Task prompt:
Could you find every line in the records below that contains the word "Dimensions" and copy it?

####################

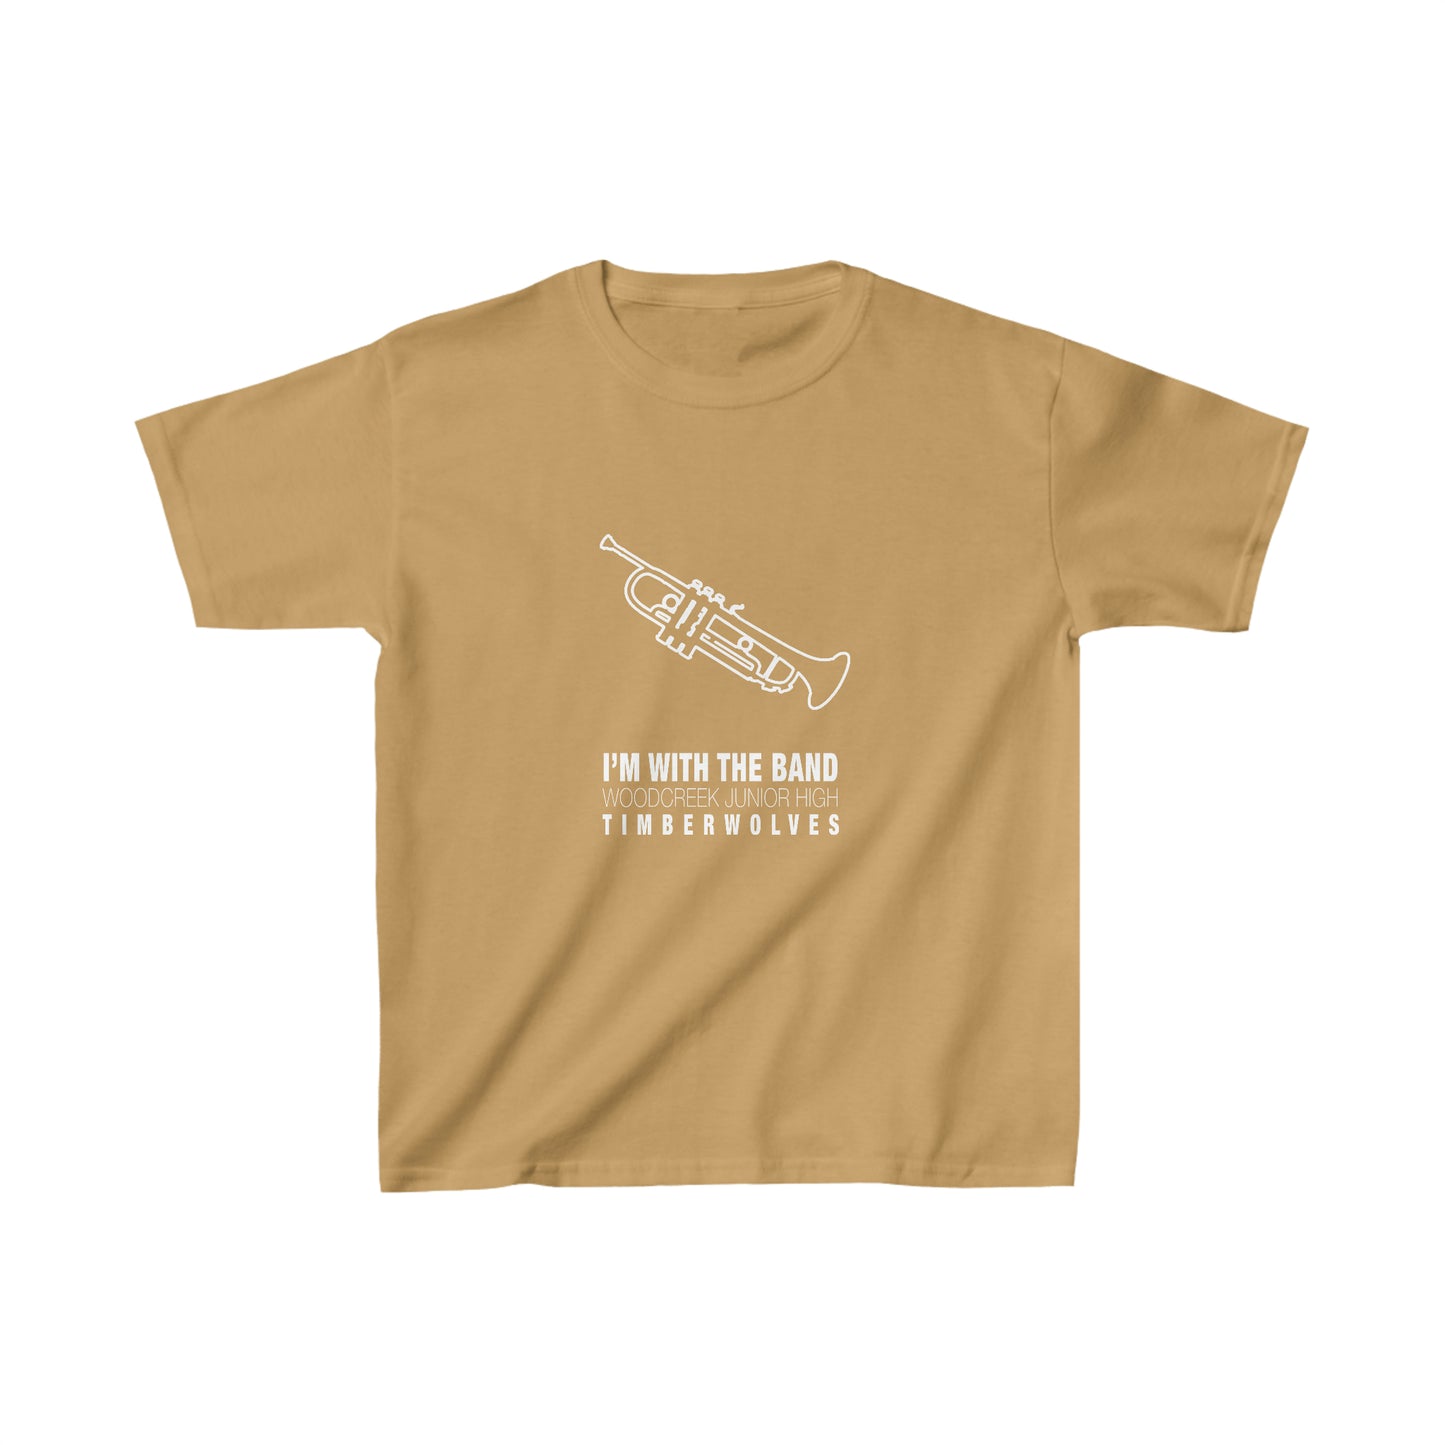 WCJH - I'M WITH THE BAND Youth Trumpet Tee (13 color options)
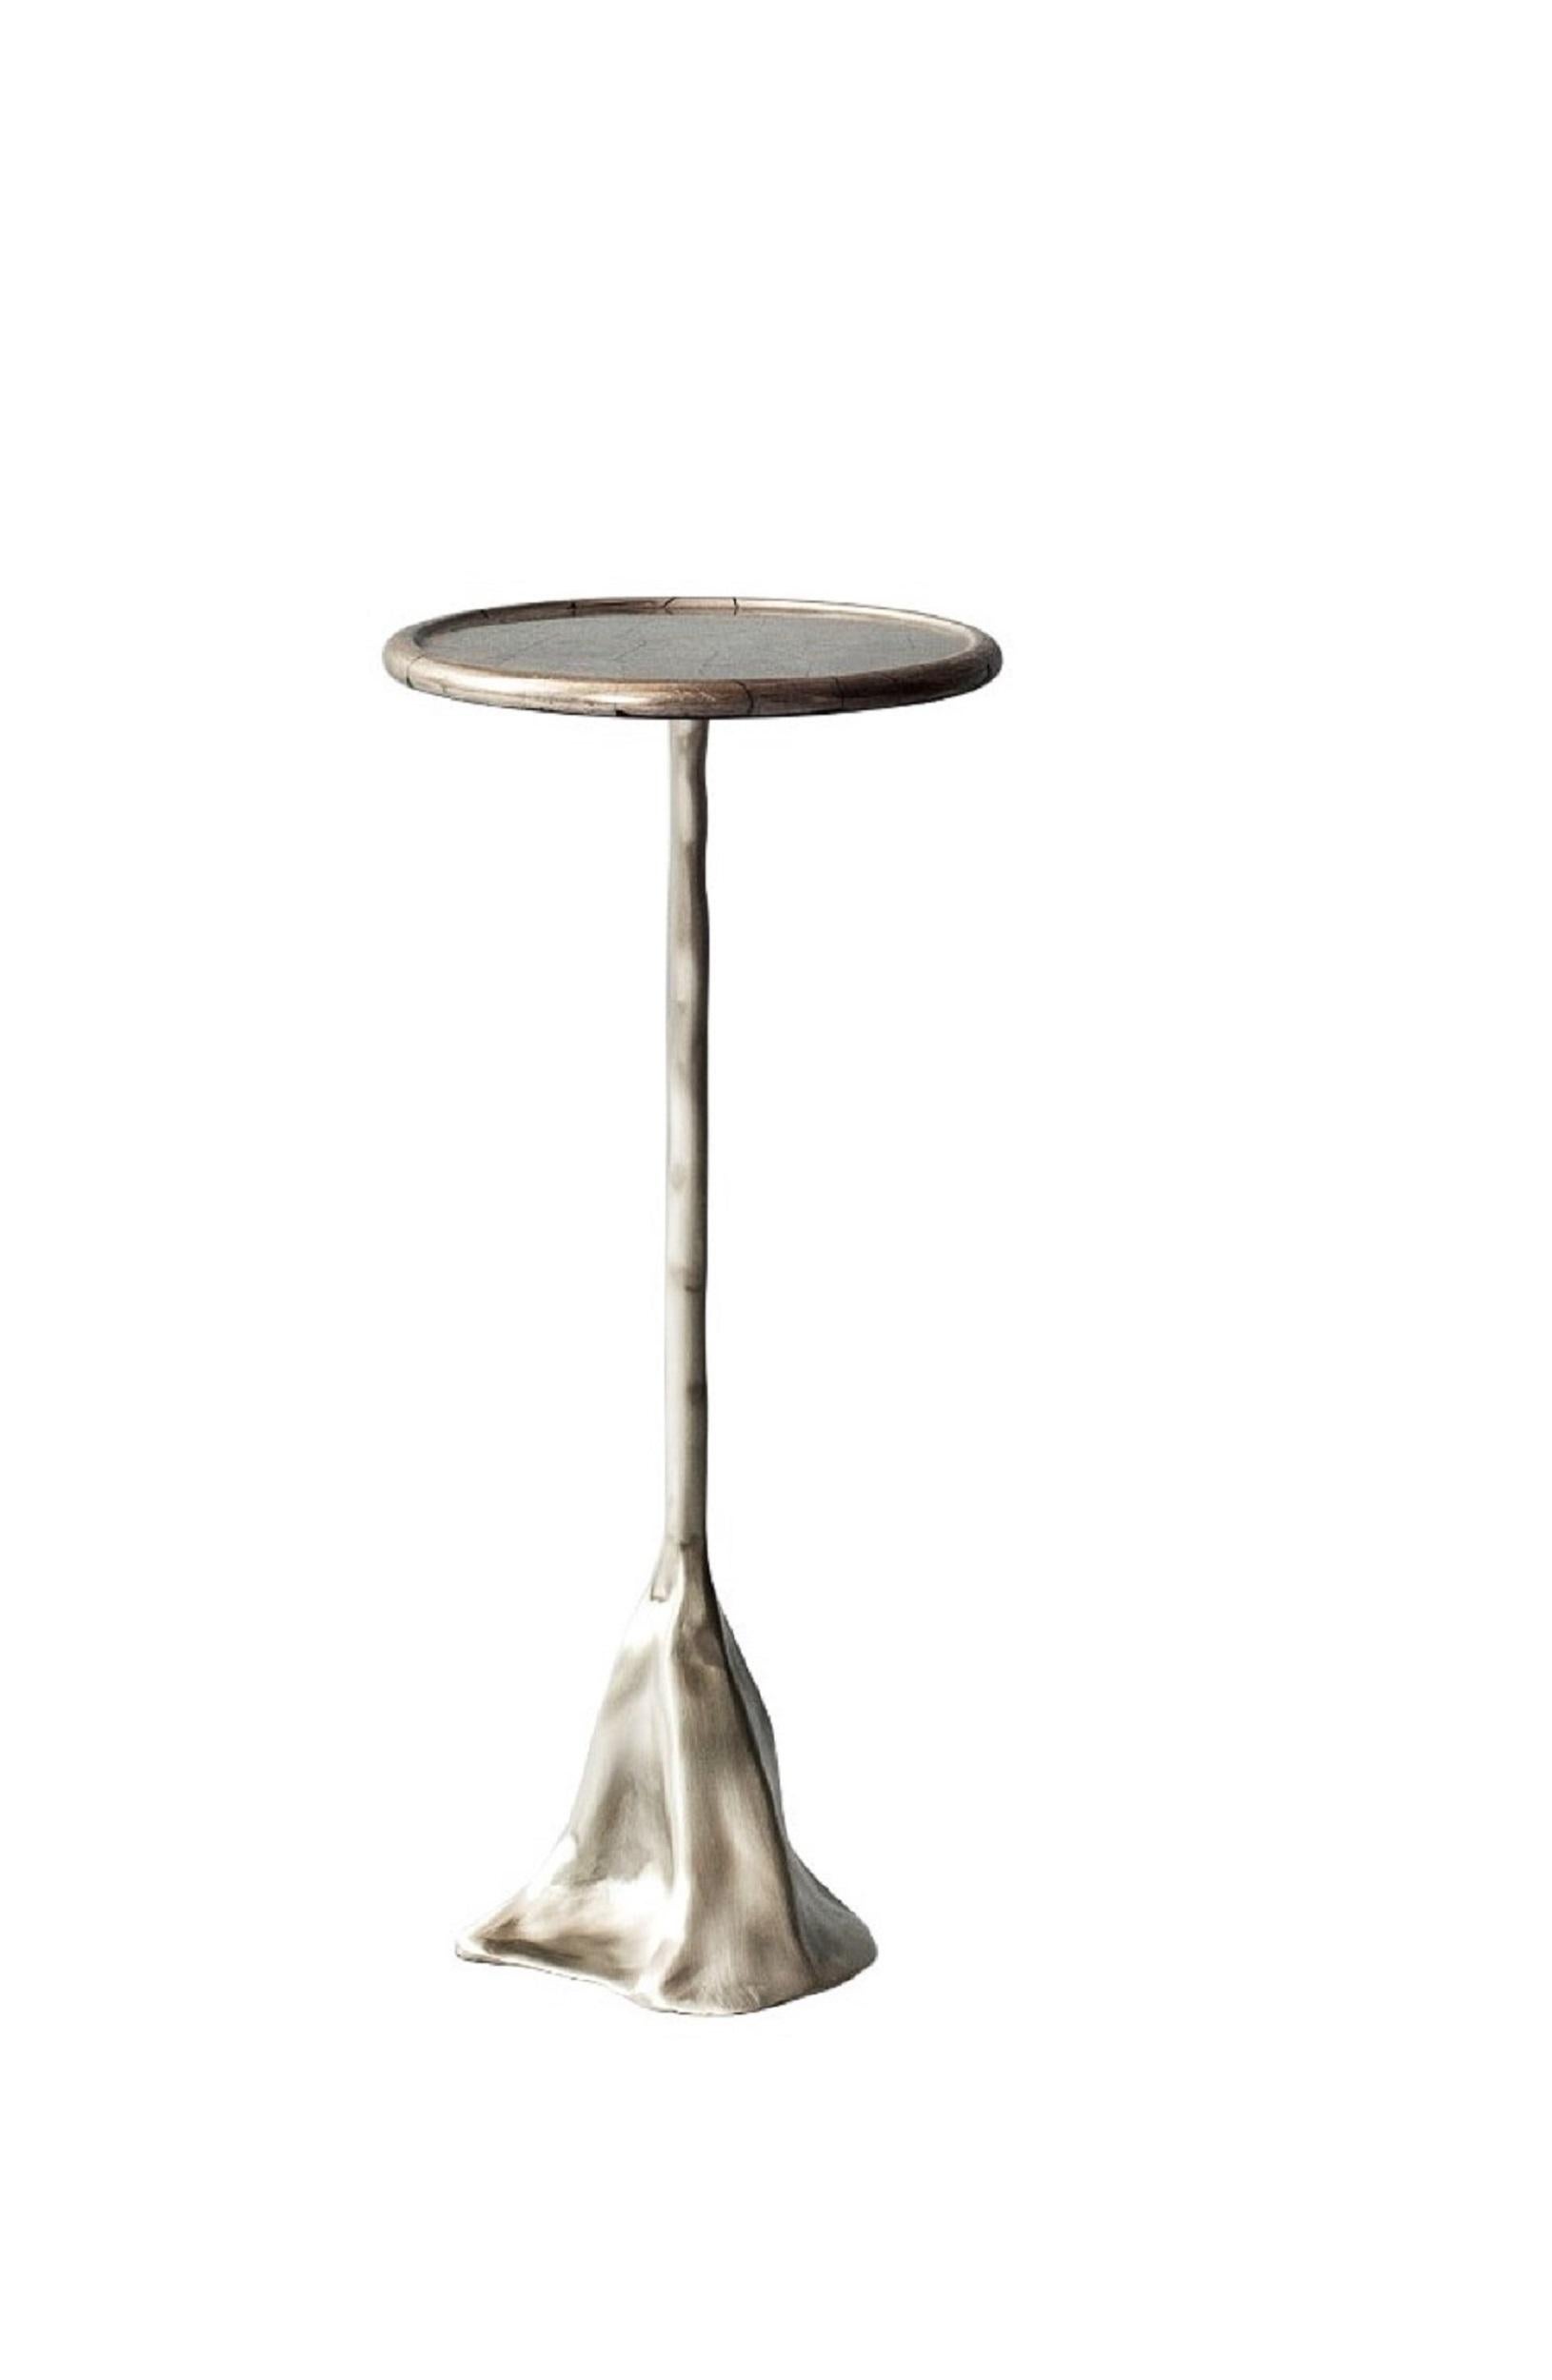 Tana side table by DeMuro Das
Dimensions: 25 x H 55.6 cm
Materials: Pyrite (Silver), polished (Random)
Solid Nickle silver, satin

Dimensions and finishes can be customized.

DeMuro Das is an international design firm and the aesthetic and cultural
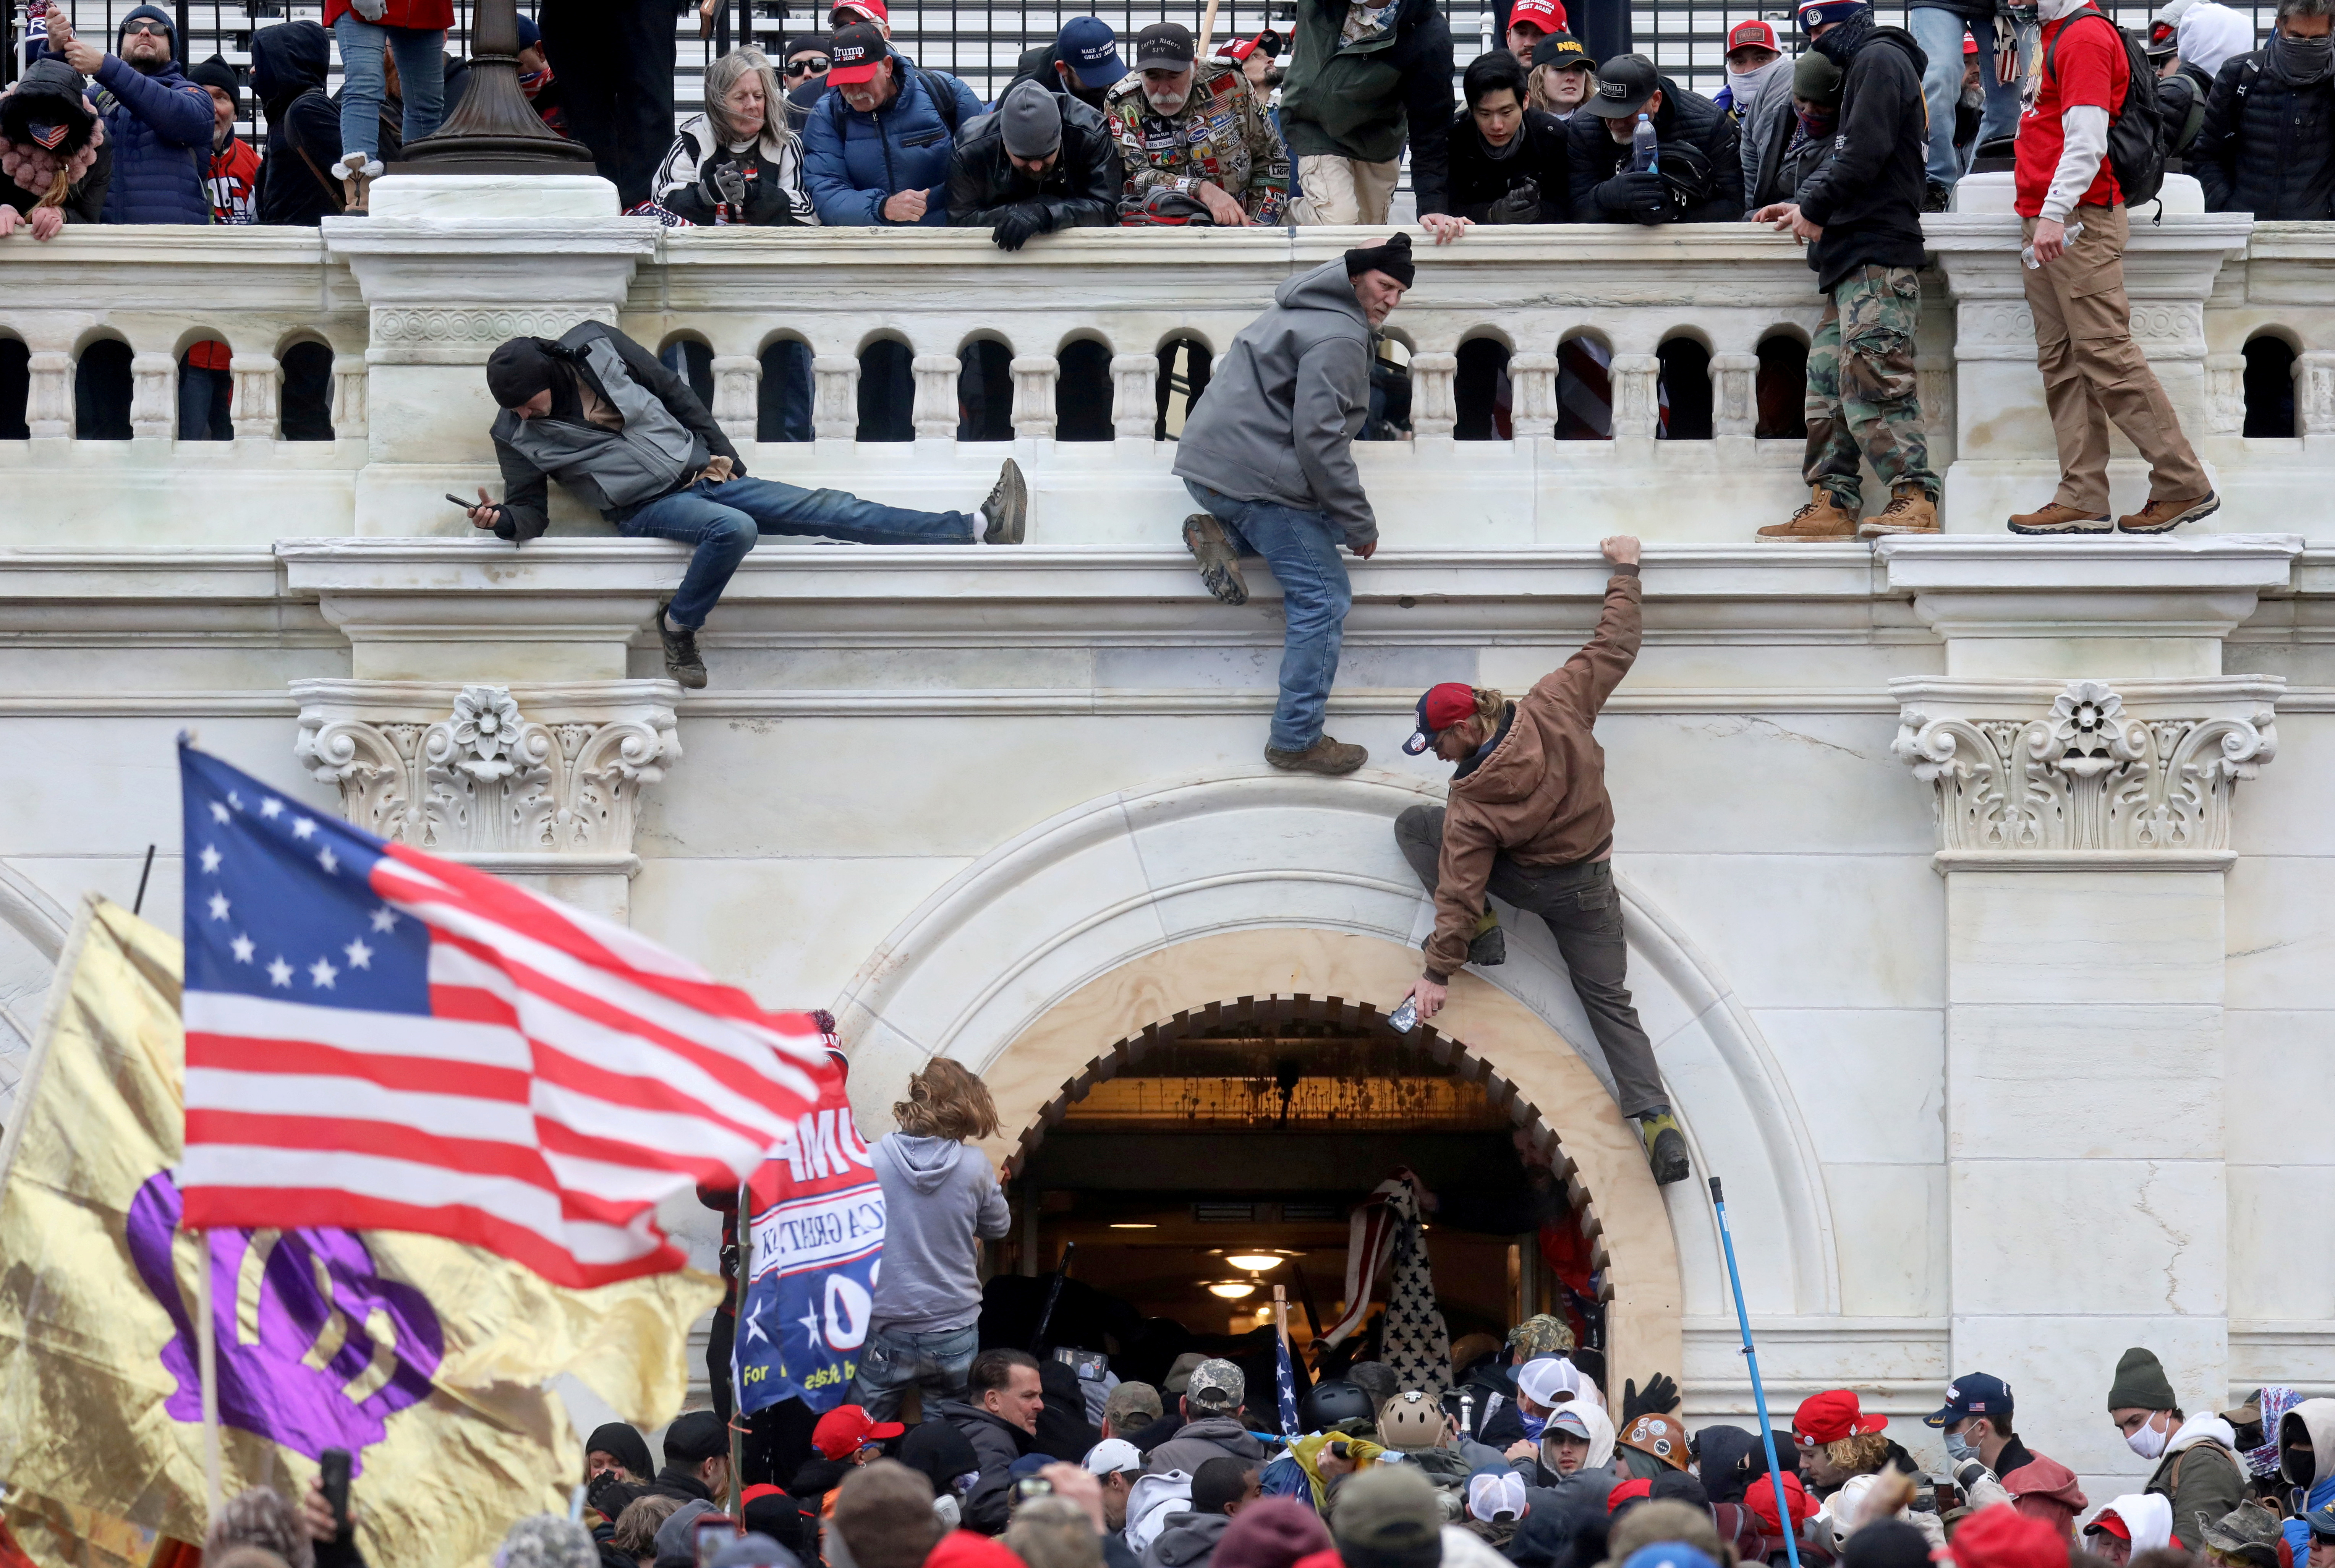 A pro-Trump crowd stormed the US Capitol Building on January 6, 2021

####################

Output below:
Dimensions: 25 x H 55.6 cm
Dimensions and finishes can be customized.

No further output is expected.